A Reflection and Life Lessons

I traveled last night to Cambridge for a congenial reception held by the research center & think tank Political Research Associates (PRA) for the introduction of their new Executive Director, Tarso Luis Ramos. In 2008, and a junior in college, I served as the Public Relations/Editorial Intern for the progressive organization and I know Luis Ramos from my time there when he was the Research Director. So, I was appreciative and excited to be invited to attend the event. Even though I became lost on my way back to Brighton (instead of a 15 minute ride it took me 2 hours!), I was glad I went because besides seeing old friends, the evening got me critically thinking about the profession of public relations, what I have learned since an intern there and what I ultimately want out of a career in the field.

As I was sitting in our host’s spacious but increasingly humid living room, I began to think back when I was just starting the internship and what I then perceived was the practice of PR and what its true value and contribution was to the public good as well to the client, organization etc. At that time I had a picture in my mind of PR practice that could best be described by the press agentry/publicity model.

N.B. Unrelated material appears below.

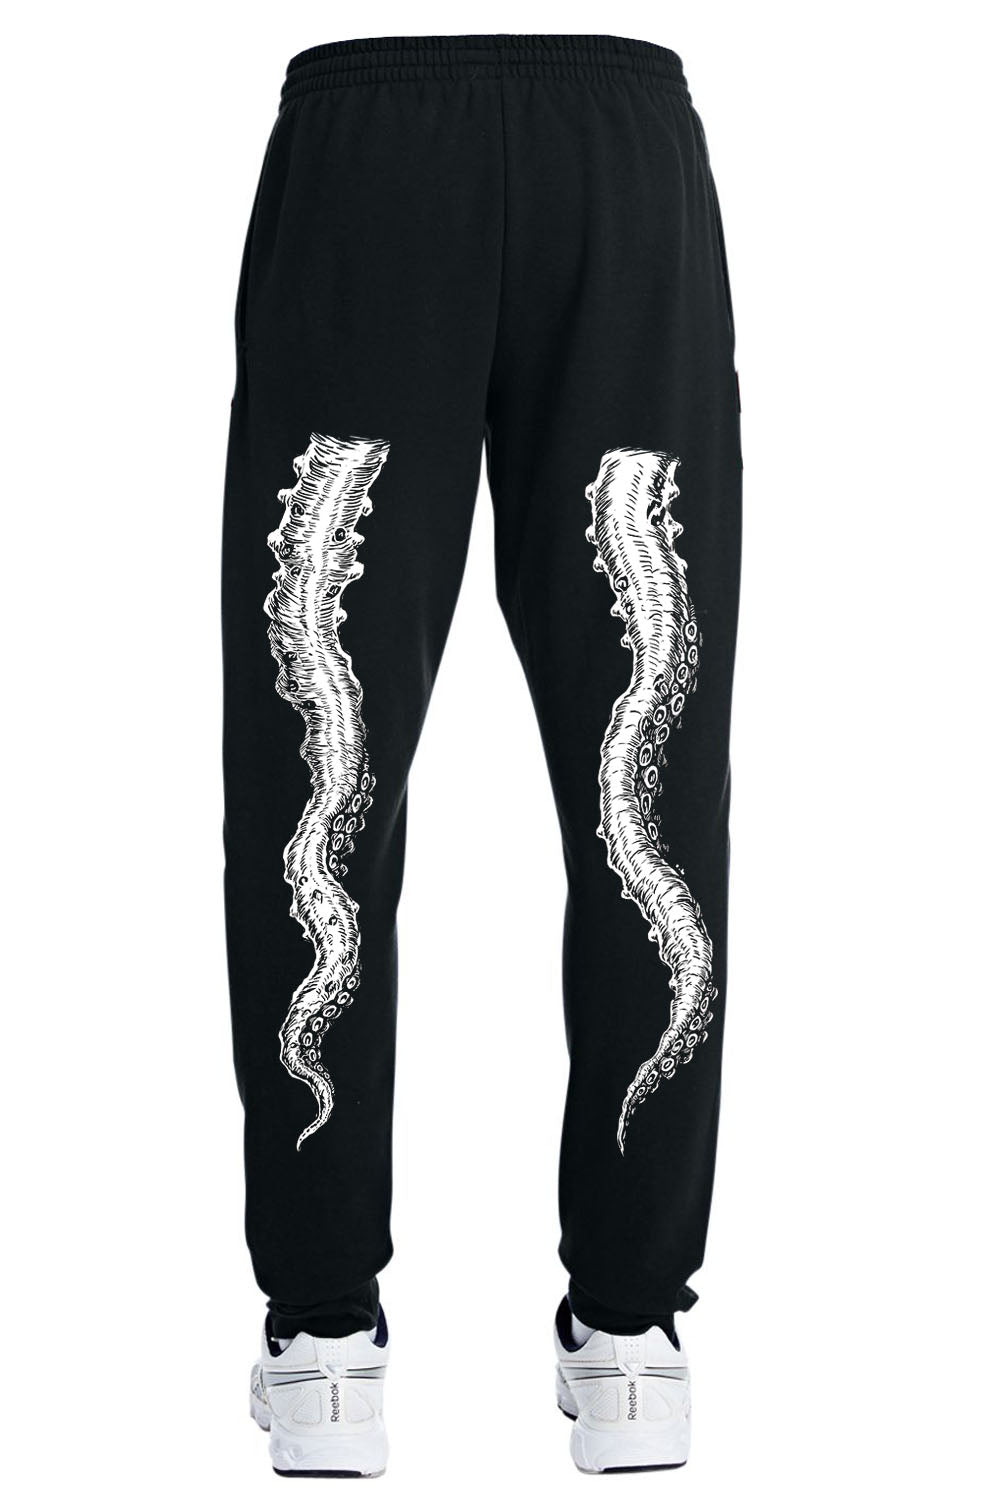 Tentacle Joggers

In this one-way asymmetrical model, PR serves a promotional function where the practitioner is a “conduit,” as Millar & Heath write, between an organization and a passive public. There is no strategic management of an organization’s communication function and there is no two-way dialogue between an organization and its stakeholders. Therefore, the organization does not implement any  much needed changes in behavior because they do not open themselves up to receiving relevant info from these stakeholders – for one, because there is no listening or engagement on the part of the organization and two, because the sole purpose here is to push the message out, with very little if at all, research and feedback. “All publicity is good publicity,” right? Wrong. Strong, mutually-beneficial relationships can not and do not form this way. That’s just a fact.

When I first started the internship I received their media list, among other materials, and then began to update it for new contacts that I believed would be interested in giving our authors time and our message, that PRA produces quality, important and useful progressive research and analysis, play. Right off the bat I wrote three or so press releases, back-grounders and put together a media kit.

Unfortunately and incorrectly, I then began a campaign of just blasting out emails, making calls and waiting for responses. There was very little research, genuine engagement on my part, ranking of strategic stakeholders in order of importance and listening first before contacting the media and PRA’s ally’s. Instead of finding out how these producers, journalists and analysts preferred to be contacted, as well as what they cared  and wrote about, I’m sad to say I engaged for the most part in a one-way transfer of information, concentrating on getting the organization into the media and to then achieve publicity for them.

After the first couple of weeks I did see some results (I booked a few interviews in the media for our authors and got an article excerpt placed on an ally’s website), but while I was thinking about how best to make connections and get results, I began to understand what was missing and needed to be put into place to achieve lasting brand recognition and loyalty as well as effective communication with PRA’s stakeholders, such as the media, local government, employees and influencers.

For example, there wasn’t a clear understanding of the power and utility of the iconic Cluetrain Manifesto’s assertion that “markets are conversations,” and that instead of just pushing “the facts,” with a relatively static press release template, a story must be told that connects with each of the niche communities that we are ultimately trying to reach and benefit with our products or services. There wasn’t a strong effort to elicit any response or action on the part of the public and there wasn’t transparent participation or an effort to form lasting, solid relationships. I could go on but I want to make this as succinct as possible.

Now, I can attribute this lack of knowledge and initiative to my inexperience mostly, the length of time I had at the job (about 3 months), and the small, dedicated but overworked and underfunded staff. I believe the important thing now is that I recognize my shortcomings and have been able to correct them and move forward as a stronger communicator at my present job in Suffolk University’s College of Arts & Sciences’ Communications Dept., with a much more strategic and deeper understanding of the practice of PR. Importantly, I understand that the practice of PR has always been oversimplified and that its value to society as a communication mechanism for binding society together and facilitating the “marketplace of ideas” is in fact vital. Considering these facts, the current socialization of media and the power and opportunity PR 2.o provides us, I look to the future with excitement and no regret.